Il vialetto consentiva la sosta e il transito, a senso unico, dei pochi

veicoli che di solito passavano di lì. Uno dei cancelli, che dava sul

cortile di un complesso composto da basse palazzine, era aperto per

consentire al custode di trasportare all’esterno sacchi di plastica

pieni di foglie. Dal lato opposto le fronde di un filare di pini marittimi

si muovevano lente nella brezza calda, mentre il mare al di là del

parapetto luccicava ai piedi della collina.

Da uno degli edifici uscì, a passo svelto, una donna non molto

alta, sulla quarantina. La naturale eleganza nell’incedere strideva coi

movimenti nervosi dettati dalla fretta. Portava una grande borsa e in

spalla uno zainetto con una ballerina rosa dipinta sopra; su un

braccio reggeva uno spolverino e un piccolo soprabito che

all’improvviso le cadde, costringendola a fermarsi per raccattarlo. Si

voltò e disse qualcosa in direzione dell’androne buio alle sue spalle.

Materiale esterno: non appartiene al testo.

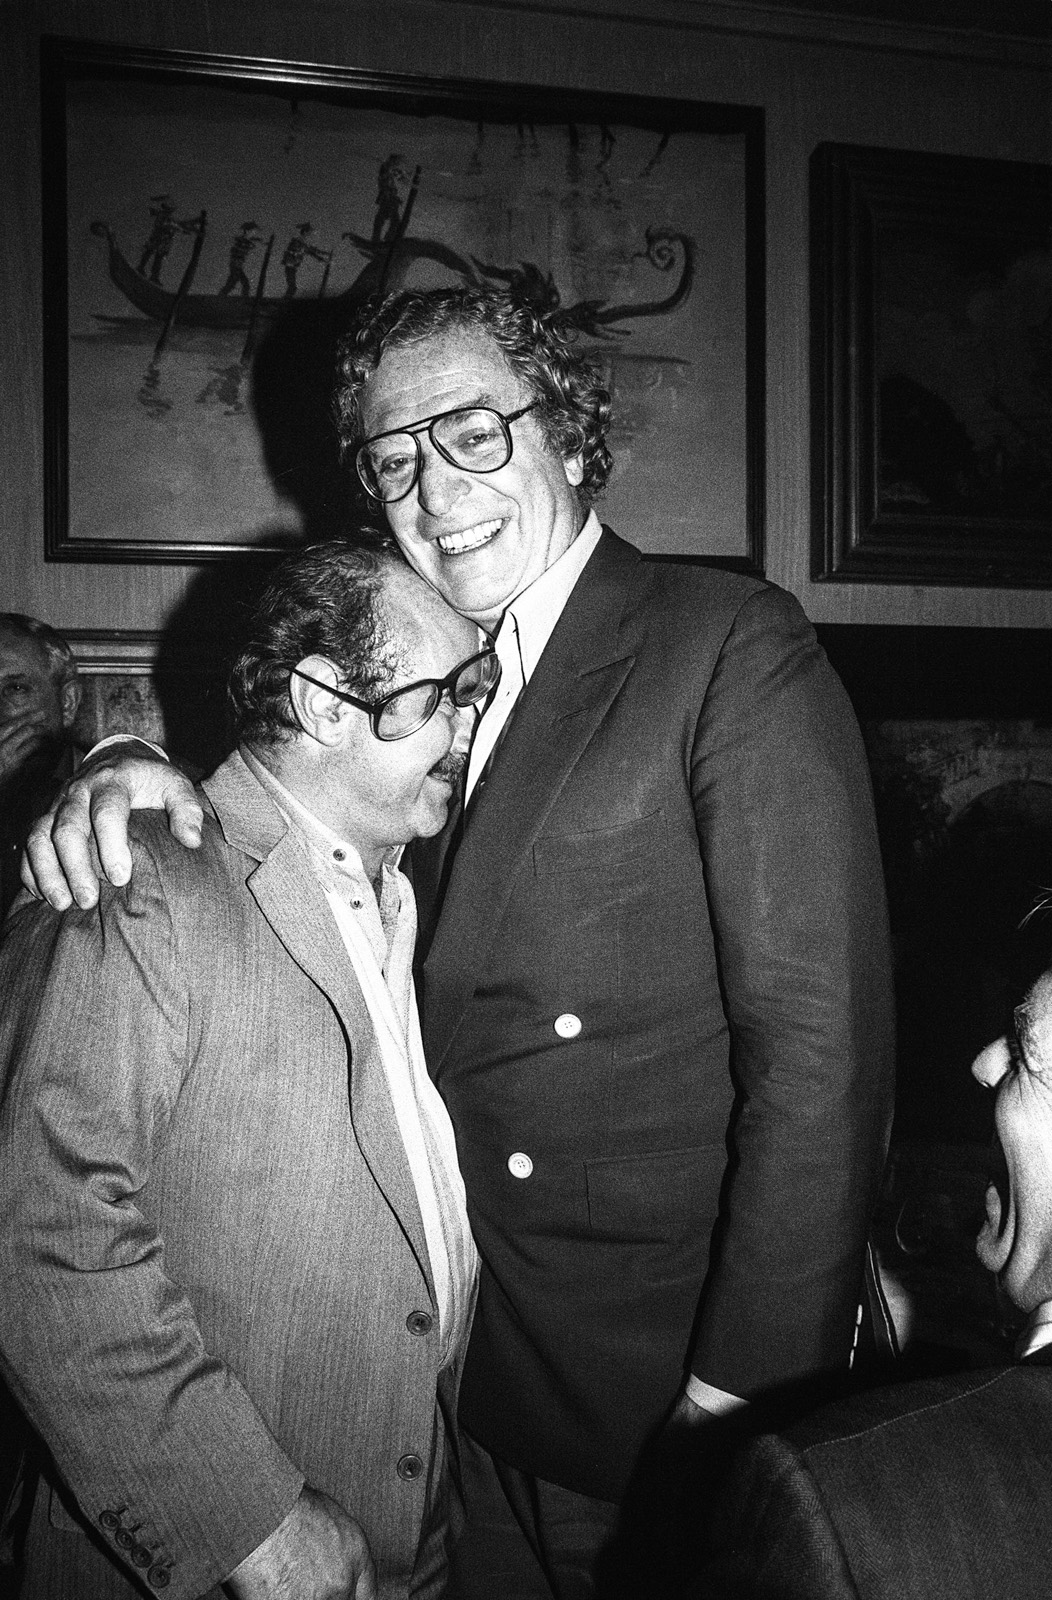 Bob Hoskins and Michael Caine have a big laugh knocking Hoskins glasses off as the 2 hang out with friends in the late 1970s.
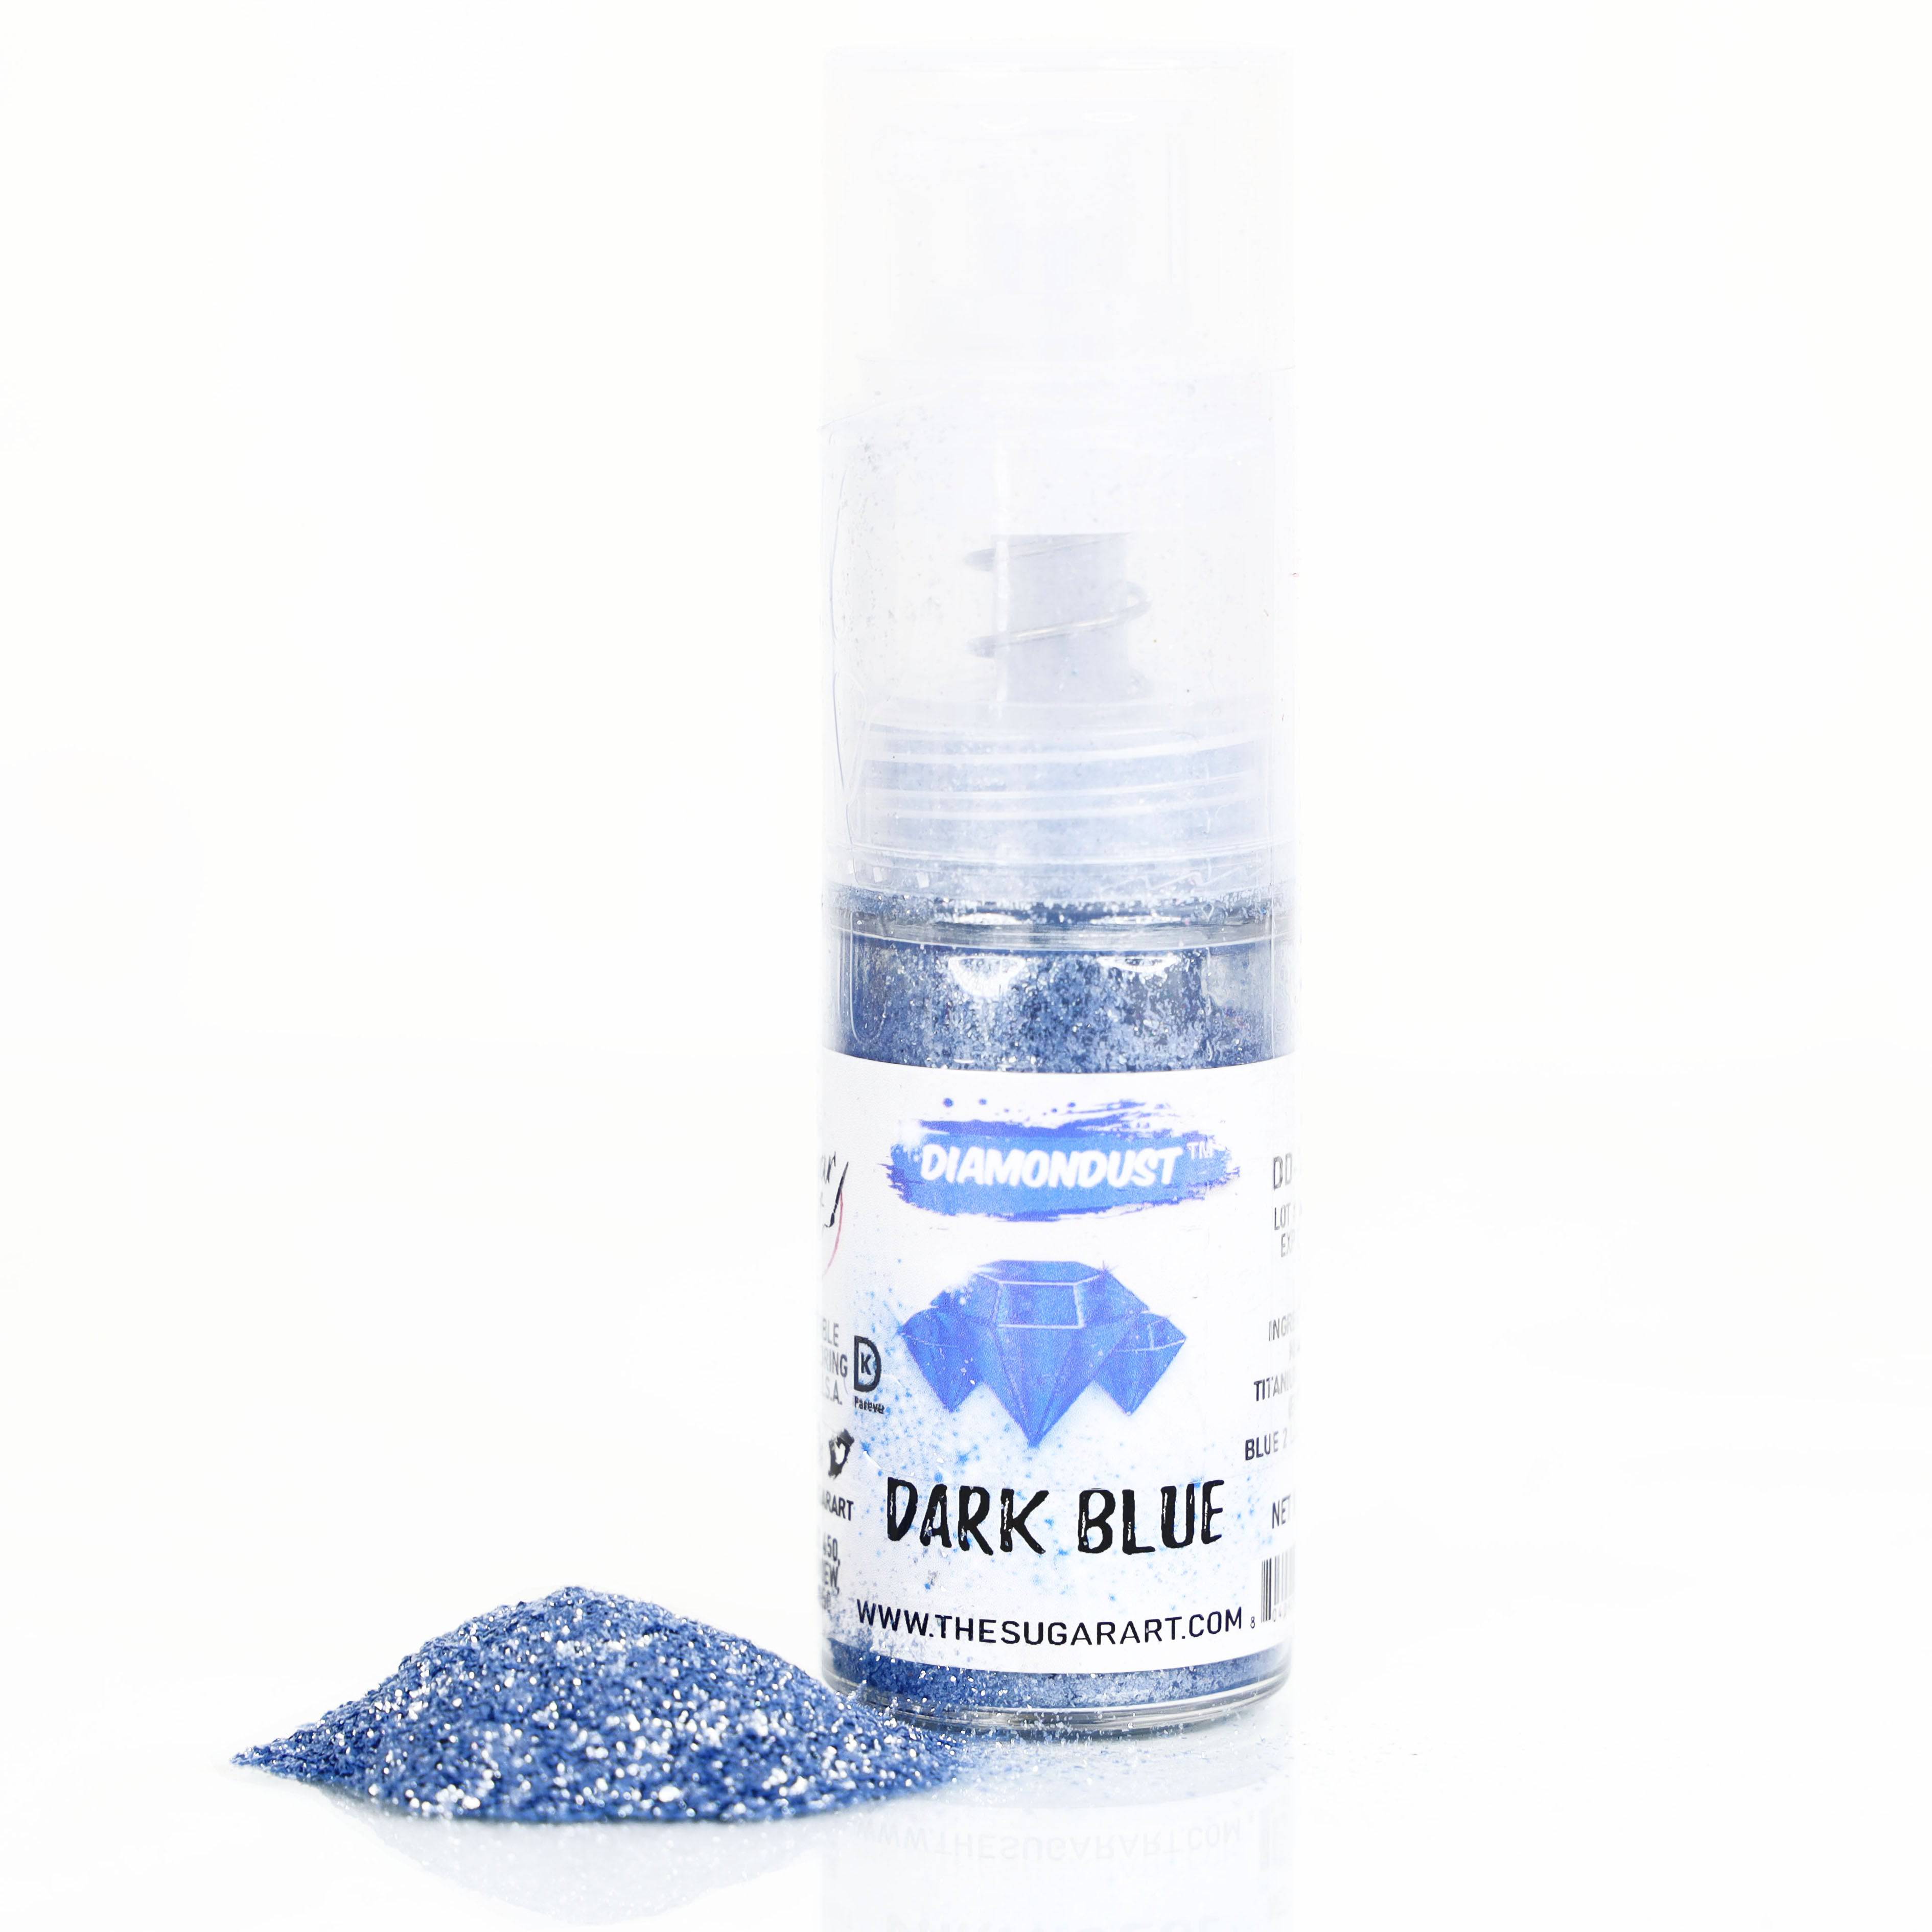 Glitter and Mica Powder are not the same thing! - The Blue Bottle Tree

Dopo qualche attimo, dall’ombra emerse una bambina. Indossava

una divisa scolastica, composta da una gonnellina blu a pieghe e da

una giacca dello stesso colore sopra una camicetta bianca, abbinata

a una sottile cravatta. Aveva i capelli raccolti in due treccine, ai lati

della testa. Camminava lenta e svogliata, trascinando i piedi. La

donna sospirò contrariata e abbassò le spalle di scatto. Quindi si

rivolse ancora alla piccola, che s’impuntò rimanendo ferma.